Cheick Kongo Embracing Change and a Chance at MMA Gold in Post-UFC Career
One thing is certain after watching Cheick Kongo’s meticulous destruction of Mark Godbeer at Bellator 102: “The Darkness” is consuming the heavyweight division.
In a division starving for notable talent, Bellator began its march toward heavyweight legitimacy with the eagerly anticipated debuts of UFC castoffs Kongo and Lavar Johnson.
While Johnson was cut from the UFC, Kongo actually passed on an opportunity to negotiate for a new contract with the MMA mecca.
Instead, he made the unlikely decision of going to Bellator, a televised promotion void of the same mainstream attention as the UFC. For fans, it’s tough to comprehend why any fighter would choose to bypass an opportunity to continue fighting on the big stage.
After competing in the UFC for over seven years, Kongo admitted he really just needed a change of scenery:
I felt in the UFC, those company had me a lot. [I just wanted to focus] on getting back in shape, and [Bellator said], “Don’t you worry about anything.” After I lost weight, I didn’t have to worry about nothing, just the conditioning from here. It’s just different perks for [different companies]. Honestly, it was really good. It was really great to get a change. The crowd was wonderful and I thought the promotion was also.
Change isn’t always the answer, but it appeared to be the best solution in Kongo’s case.
After being plagued by inconsistent performances in the UFC, Kongo looked like a new man when he stepped foot into the Bellator cage for the first time on Friday night. Standing across from him was Godbeer, a dangerous striker looking to make a name for himself by knocking out “the UFC guy.”
Unfortunately for Godbeer, years of experience taught Kongo to keep his emotions in check and be tactful in the cage.
A chorus of boos echoed throughout the Visalia Convention Center in Visalia, Calif., but Kongo remained fixated on finishing the fight on his terms, which basically consisted of making Godbeer carry his weight and wearing him down with elongated clinch grapples against the fence.
With the tournament-style setup in Bellator, Kongo’s primary concern was leaving the fight with a win and remaining injury free:
I’m used to doing different things, but I went to use the fence so I wouldn’t get injured for the next opponent. Just tried to save energy and avoid injuries from the war in the stand-up, striking. I tried a whole bunch of different things, no matter what he tried to do, and to make him tired.
The game plan came together like clockwork for Kongo, who leaned heavily on his grappling and clinch strikes throughout the fight.

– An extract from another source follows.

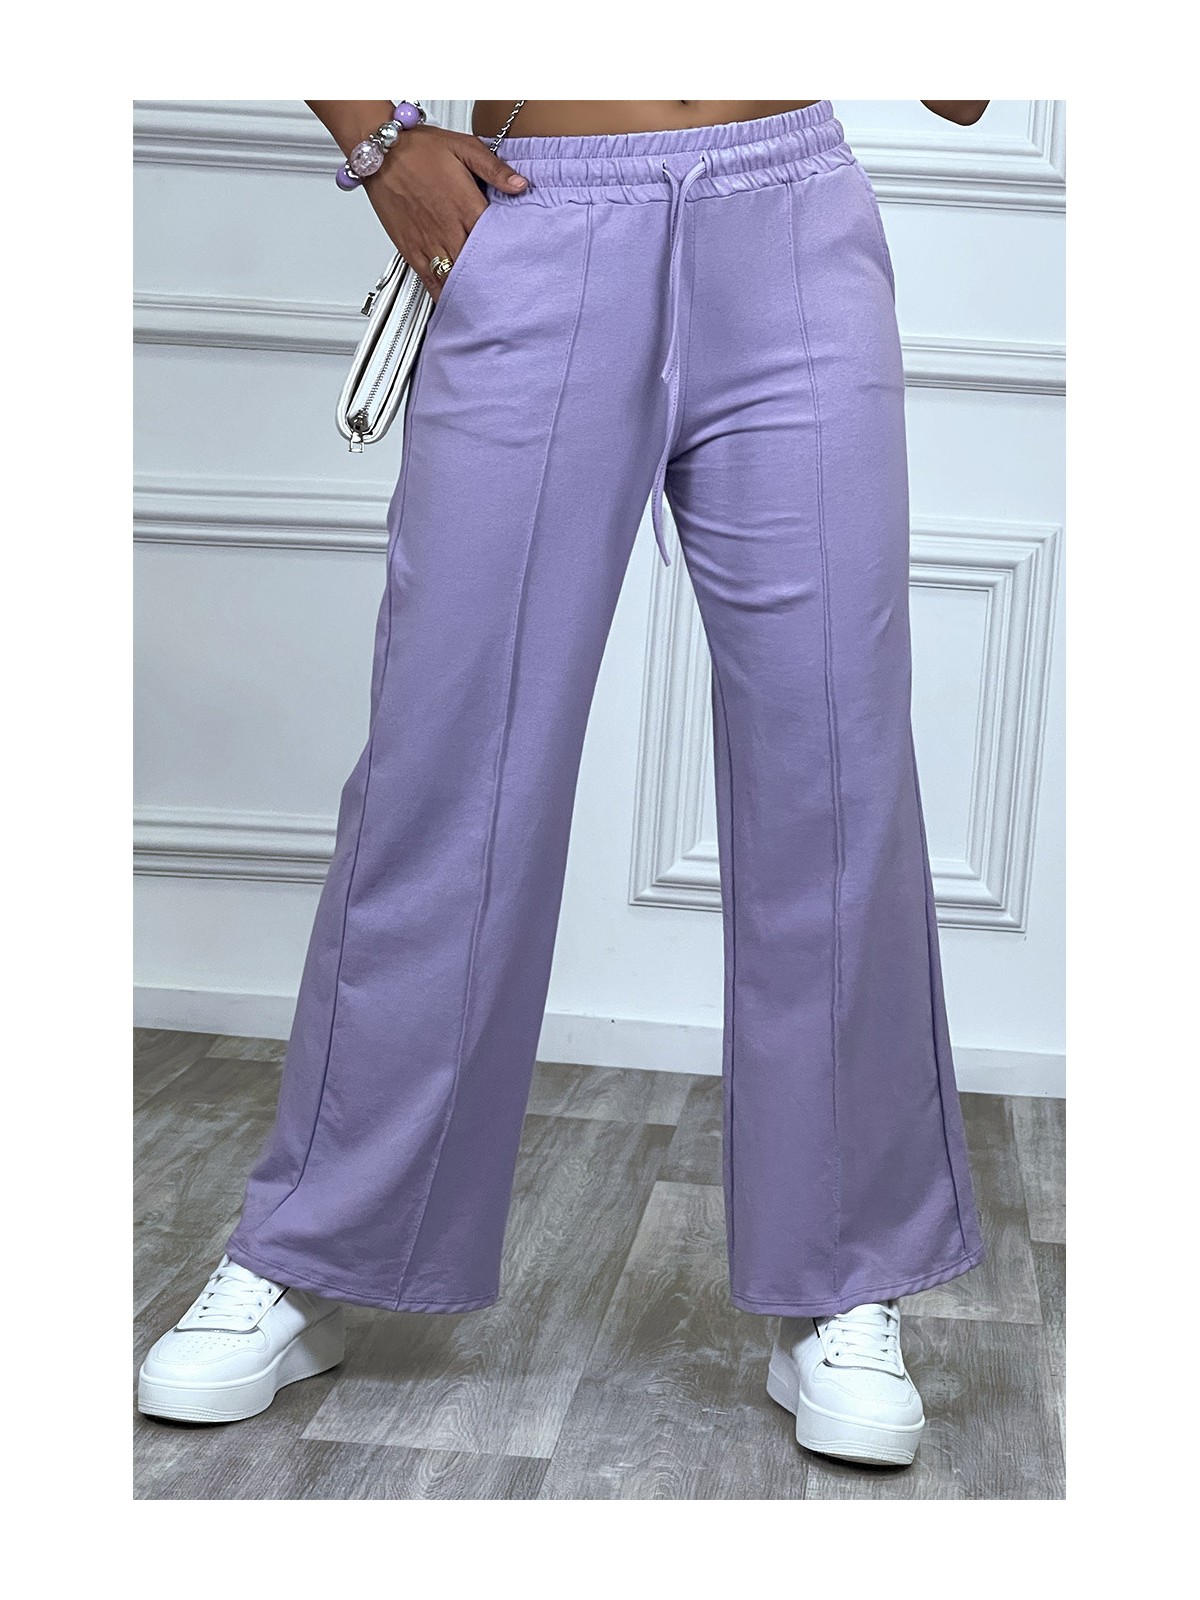 Pantalon jogging violet à élastique - 3

By the time the second round rolled around, Godbeer was breathing heavily and winging haymakers out of desperation. The turning point in the bout came when Godbeer missed on a sloppy overhand right and Kongo ducked under and secured a body lock from behind.
From the clinch, Kongo began to unload with a series of devastating knees to Godbeer’s legs and body. Godbeer stood tall in the face of adversity until the damage relocated to his face. The referee was finally forced to step in at 2:04 to save him from further punishment.
The post-UFC transition has gone well for Kongo, but Johnson wasn’t so fortunate. In a truly shocking turn of events, the former UFC heavyweight was knocked out in just 23 seconds by Vinicius Queiroz.
Kongo, who was eyeing the fight backstage, admitted he was shocked by the knockout. Many expected he would be facing Johnson in the next round, but things have certainly taken an unexpected turn.
After seeing Queiroz’s performance, Kongo is already formulating a game plan that would ensure victory and minimize the risk of injury:
I was shocked to see how [Queiroz] finished Lavar Johnson. I was surprised. The fight was so fast. It’s on and I was like, “Oh!” So after that, I was thinking OK, I have to do the same thing. Don’t go for the war, get injuries. Just save your energy and do the things as a smart guy.
Kongo is now one step closer to winning his first major MMA world title, which is a far cry from where he was in the UFC.
Perhaps “The Darkness” may have finally found the light.
Jordy McElroy is a Featured Columnist for Bleacher Report, and all quotes were obtained firsthand unless otherwise noted.